# The data
· · · · ·

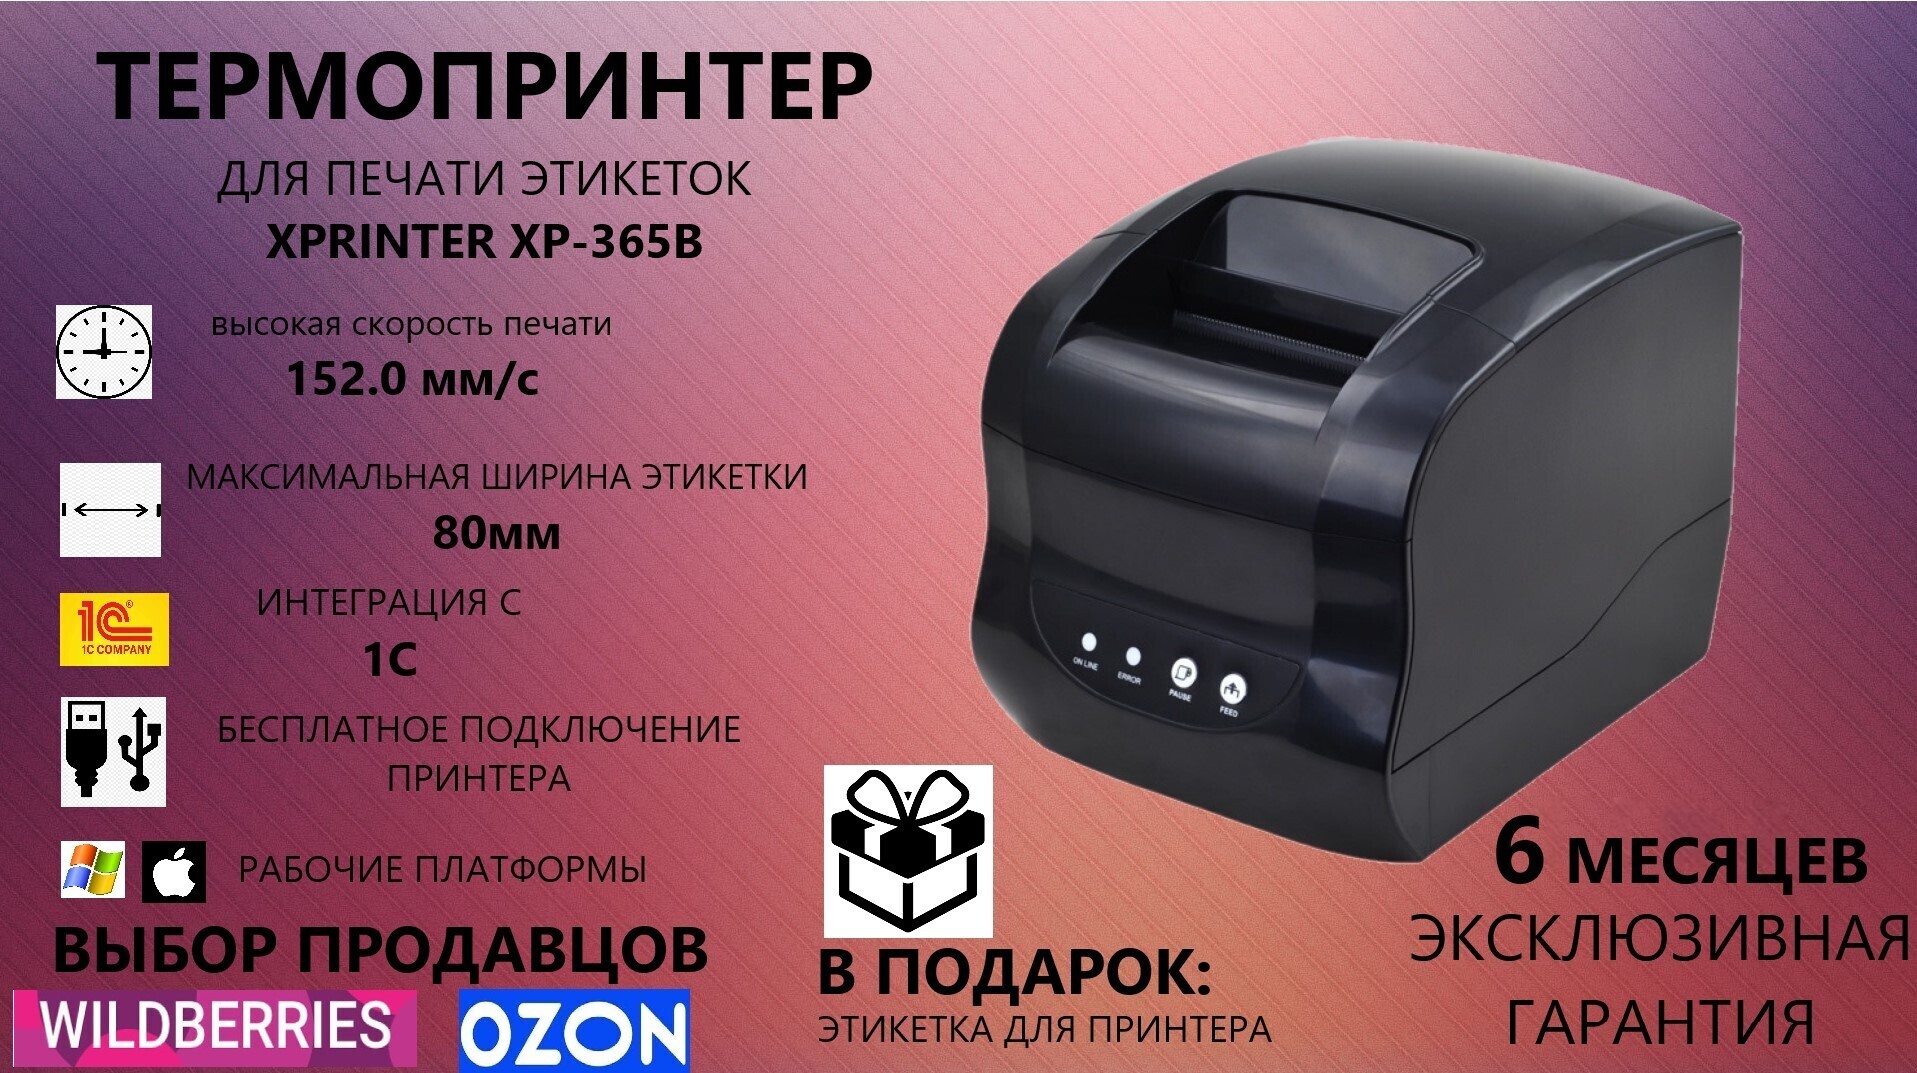 365b xprinter как печатать. Термопринтер Xprinter XP-365b печать. Xprinter 350b. Принтер этикеток Xprinter XP-365. Xprinter 365 для этикеток.
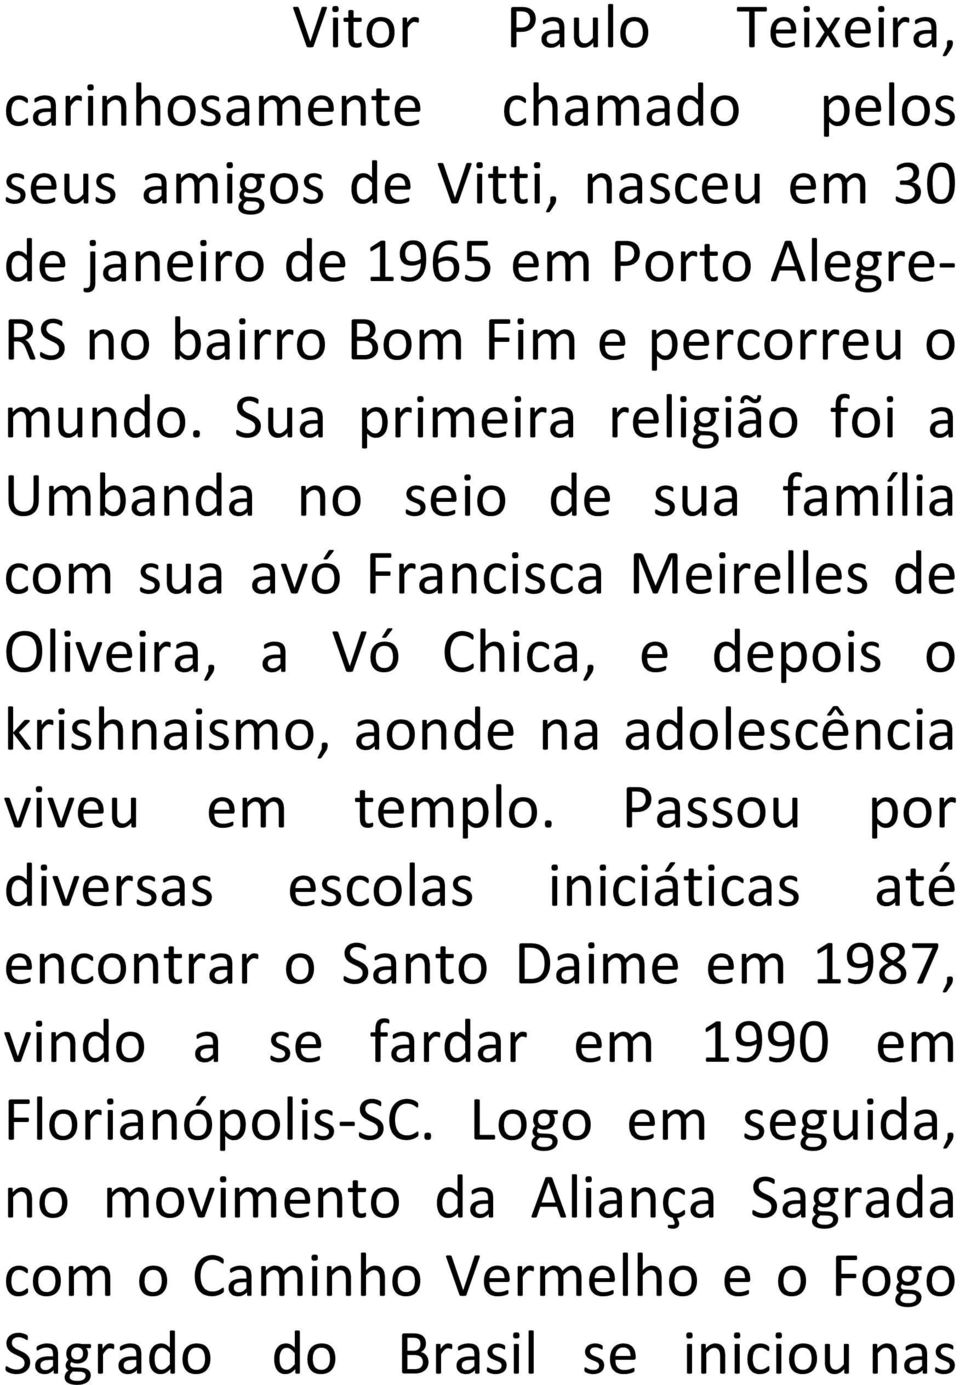 Sua primeira religião foi a Umbanda no seio de sua família com sua avó Francisca Meirelles de Oliveira, a Vó Chica, e depois o krishnaismo,
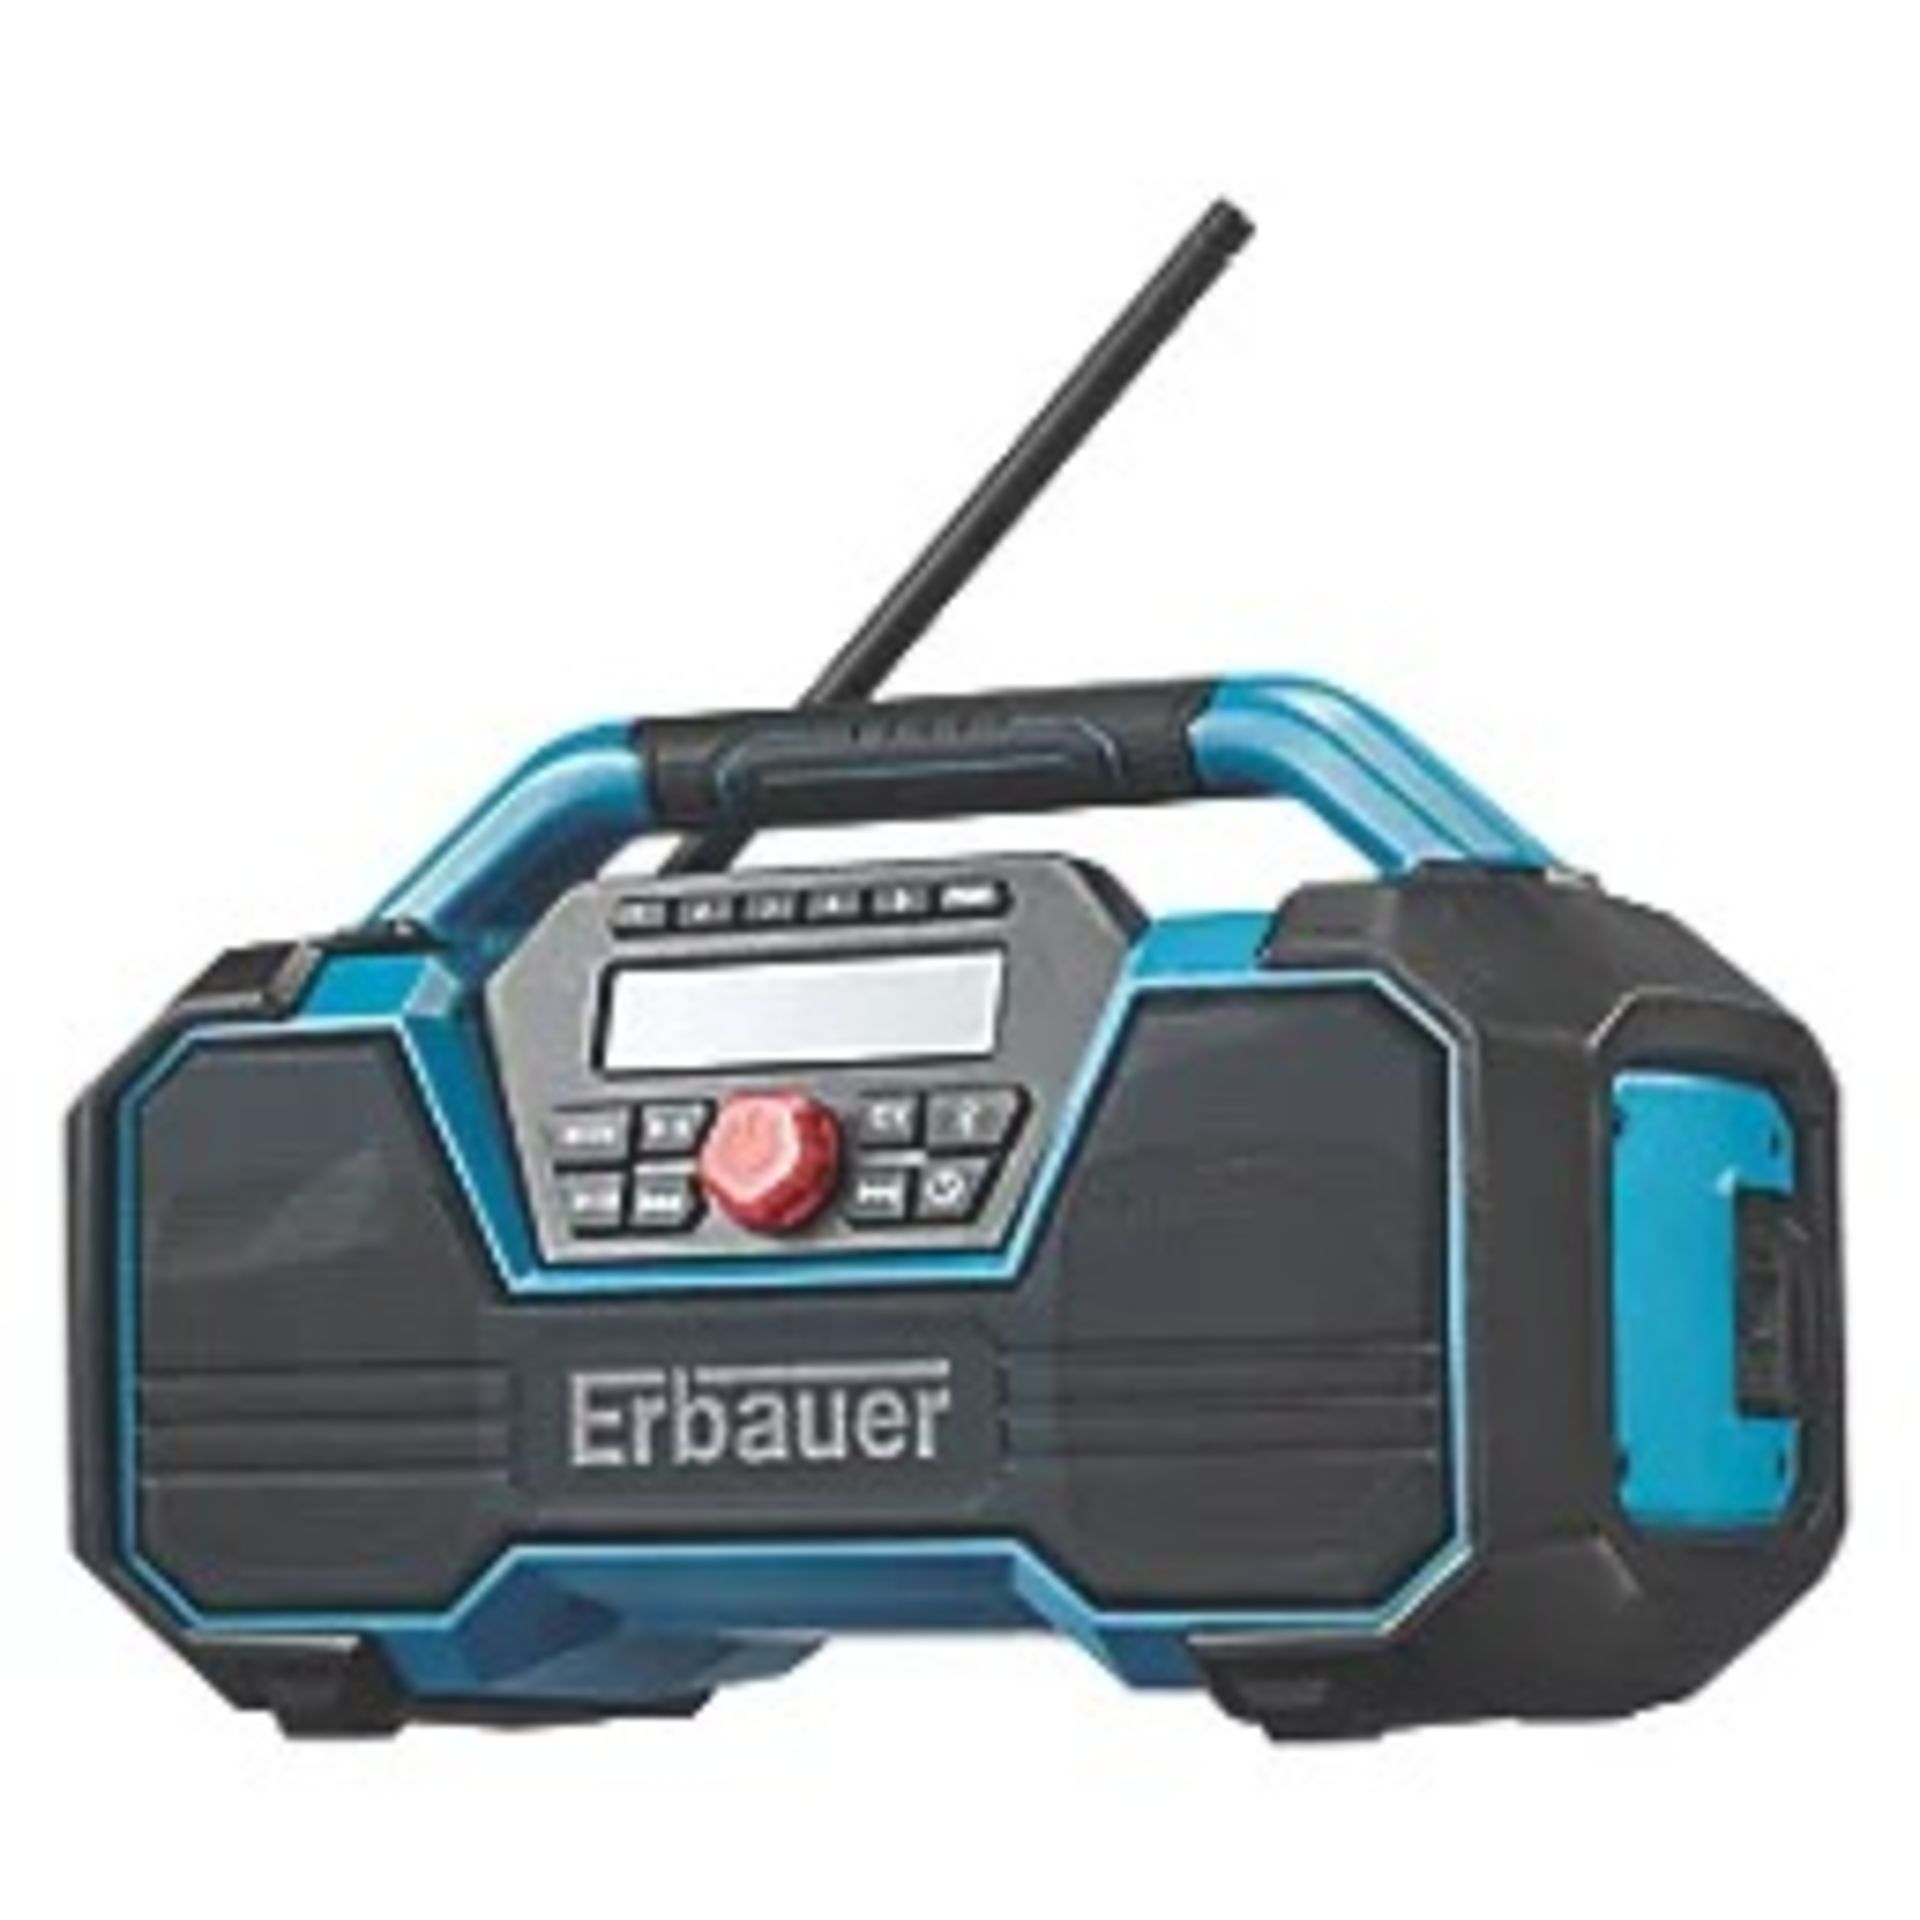 ERBAUER ERD18-LI 230V OR 18V DAB / FM RADIO (357VV) - ER45

· · · · ·

# What the exercise asks
Print the lines from the one that contains "Sua primeira religião" through the final line of the material above, exactly and only those, with pictures left out.

# Answer to the problem
 Sua primeira religião foi a Umbanda no seio de sua família com sua avó Francisca Meirelles de Oliveira, a Vó Chica, e depois o krishnaismo,
 ERBAUER ERD18-LI 230V OR 18V DAB / FM RADIO (357VV) - ER45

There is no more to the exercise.